- Catcher
- Born: May 13, 1931 Clovis, California, U.S.
- Died: December 31, 1994 (aged 63) Atherton, California, U.S.
- Batted: RightThrew: Right

MLB debut
- June 19, 1953, for the Pittsburgh Pirates

Last MLB appearance
- September 30, 1956, for the Pittsburgh Pirates

MLB statistics
- Batting average: .260
- Home runs: 12
- Runs batted in: 75
- Stats at Baseball Reference

Teams
- Pittsburgh Pirates (1953–1956);

= Jack Shepard (baseball) =

American baseball player (1931–1994)

Jack Leroy Shepard (May 13, 1931 – December 31, 1994) was an American professional baseball player, a catcher, who became a successful businessman and philanthropist after retiring from baseball at age 25 following three full seasons in the Major Leagues.

A native of Clovis, California, the 6 ft 2 in, 195 lb Shepard attended Stanford University, graduating in 1953 after serving as the captain of the first Cardinal team (then nicknamed the Indians) to play in the College World Series. He signed with the Pittsburgh Pirates upon graduation on June 16 and made his Major League debut three days later against the St. Louis Cardinals at Sportsman's Park, substituting for starting catcher Mike Sandlock and singling in two at bats against Vinegar Bend Mizell. He also made two errors in the field. He spent part of the 1953 season in minor league baseball, playing in 84 games for the Denver Bears of the Class A Western League and batting .324, before returning to the Pirates for good from 1954–1956.

The Pirates of the mid-1950s were at one of the low ebbs of their history. Shepard's 1954–1956 clubs averaged 94 losses (against only 60 wins) per season. Despite their struggles, and his first-game jitters in 1953, Shepard gained a reputation as a stalwart defensive player, batted .304 in his first full season (when he was named Pirates' rookie of the year and selected to The Sporting News' all-rookie team) and became one of the team leaders. His 1956 manager, Bobby Bragan, said of him, "Shepard was the most intelligent catcher I've known. He handled pitchers well and could throw. He was good on plays at the plate. Fearless."

But Shepard's off-seasons were spent continuing his education at Stanford, where he obtained master's degrees in business and education. After serving as Pittsburgh's regular catcher in 1956, appearing in a career-high 100 games, he announced his retirement to become development director at his alma mater and begin a full-time career in business. All told, he played in 278 MLB games, and collected 195 hits.

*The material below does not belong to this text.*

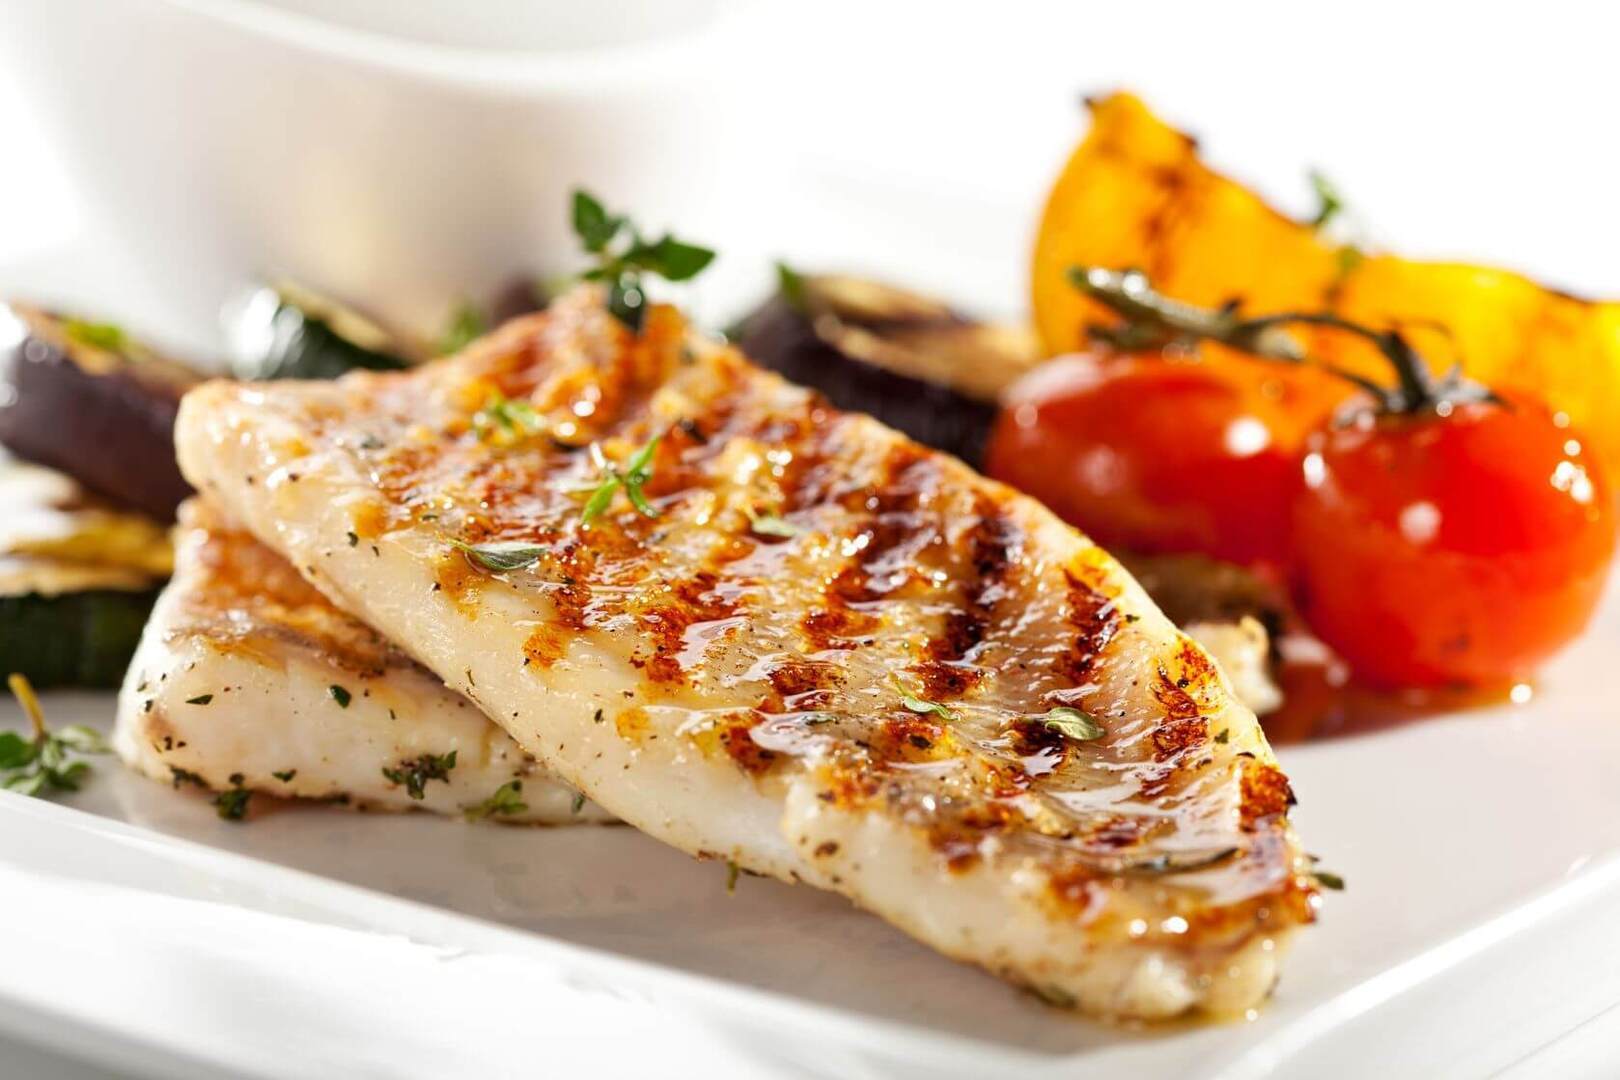 A photo of grilled fish fillet with vegtables

He served as president and chief executive of a San Francisco-area telecommunications firm and a baseball equipment and indoor baseball and entertainment center company, and was a management consultant as well as a philanthropist on behalf of multiple Palo Alto, California-area institutions. He was a member of the Stanford and Fresno County athletic halls of fame.

Jack Shepard died at age 63 from cancer in Atherton, California.